"""
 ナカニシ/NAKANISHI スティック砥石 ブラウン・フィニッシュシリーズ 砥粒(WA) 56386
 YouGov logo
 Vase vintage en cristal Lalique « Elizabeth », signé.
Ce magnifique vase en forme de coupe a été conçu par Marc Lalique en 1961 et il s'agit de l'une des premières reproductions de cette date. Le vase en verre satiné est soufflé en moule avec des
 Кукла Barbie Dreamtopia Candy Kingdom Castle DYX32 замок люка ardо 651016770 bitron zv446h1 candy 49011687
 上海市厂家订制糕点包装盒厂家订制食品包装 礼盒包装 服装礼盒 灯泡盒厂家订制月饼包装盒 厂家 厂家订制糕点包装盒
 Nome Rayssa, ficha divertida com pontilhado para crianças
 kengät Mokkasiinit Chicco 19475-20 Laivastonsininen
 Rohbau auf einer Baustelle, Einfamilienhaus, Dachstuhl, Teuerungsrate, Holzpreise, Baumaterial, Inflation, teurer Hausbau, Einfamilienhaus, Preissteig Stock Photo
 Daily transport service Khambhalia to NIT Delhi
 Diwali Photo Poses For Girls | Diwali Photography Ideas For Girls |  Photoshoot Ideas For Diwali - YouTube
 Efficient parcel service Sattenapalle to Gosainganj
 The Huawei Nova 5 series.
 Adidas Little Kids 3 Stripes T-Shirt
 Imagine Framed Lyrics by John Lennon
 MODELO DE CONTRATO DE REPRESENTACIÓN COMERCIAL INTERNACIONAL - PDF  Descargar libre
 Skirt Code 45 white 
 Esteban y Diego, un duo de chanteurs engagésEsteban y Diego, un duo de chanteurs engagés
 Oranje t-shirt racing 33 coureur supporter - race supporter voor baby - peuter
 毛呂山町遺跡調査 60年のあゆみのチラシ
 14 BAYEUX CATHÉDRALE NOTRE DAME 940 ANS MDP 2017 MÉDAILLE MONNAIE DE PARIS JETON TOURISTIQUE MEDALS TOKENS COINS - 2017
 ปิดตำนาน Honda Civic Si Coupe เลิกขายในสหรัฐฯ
"""
* _WHAT TO PRODUCE_: Restate the entries above. Match them exactly.

* _RESULT OF THIS TASK_:
 ナカニシ/NAKANISHI スティック砥石 ブラウン・フィニッシュシリーズ 砥粒(WA) 56386
 YouGov logo
 Vase vintage en cristal Lalique « Elizabeth », signé.
Ce magnifique vase en forme de coupe a été conçu par Marc Lalique en 1961 et il s'agit de l'une des premières reproductions de cette date. Le vase en verre satiné est soufflé en moule avec des
 Кукла Barbie Dreamtopia Candy Kingdom Castle DYX32 замок люка ardо 651016770 bitron zv446h1 candy 49011687
 上海市厂家订制糕点包装盒厂家订制食品包装 礼盒包装 服装礼盒 灯泡盒厂家订制月饼包装盒 厂家 厂家订制糕点包装盒
 Nome Rayssa, ficha divertida com pontilhado para crianças
 kengät Mokkasiinit Chicco 19475-20 Laivastonsininen
 Rohbau auf einer Baustelle, Einfamilienhaus, Dachstuhl, Teuerungsrate, Holzpreise, Baumaterial, Inflation, teurer Hausbau, Einfamilienhaus, Preissteig Stock Photo
 Daily transport service Khambhalia to NIT Delhi
 Diwali Photo Poses For Girls | Diwali Photography Ideas For Girls |  Photoshoot Ideas For Diwali - YouTube
 Efficient parcel service Sattenapalle to Gosainganj
 The Huawei Nova 5 series.
 Adidas Little Kids 3 Stripes T-Shirt
 Imagine Framed Lyrics by John Lennon
 MODELO DE CONTRATO DE REPRESENTACIÓN COMERCIAL INTERNACIONAL - PDF  Descargar libre
 Skirt Code 45 white 
 Esteban y Diego, un duo de chanteurs engagésEsteban y Diego, un duo de chanteurs engagés
 Oranje t-shirt racing 33 coureur supporter - race supporter voor baby - peuter
 毛呂山町遺跡調査 60年のあゆみのチラシ
 14 BAYEUX CATHÉDRALE NOTRE DAME 940 ANS MDP 2017 MÉDAILLE MONNAIE DE PARIS JETON TOURISTIQUE MEDALS TOKENS COINS - 2017
 ปิดตำนาน Honda Civic Si Coupe เลิกขายในสหรัฐฯ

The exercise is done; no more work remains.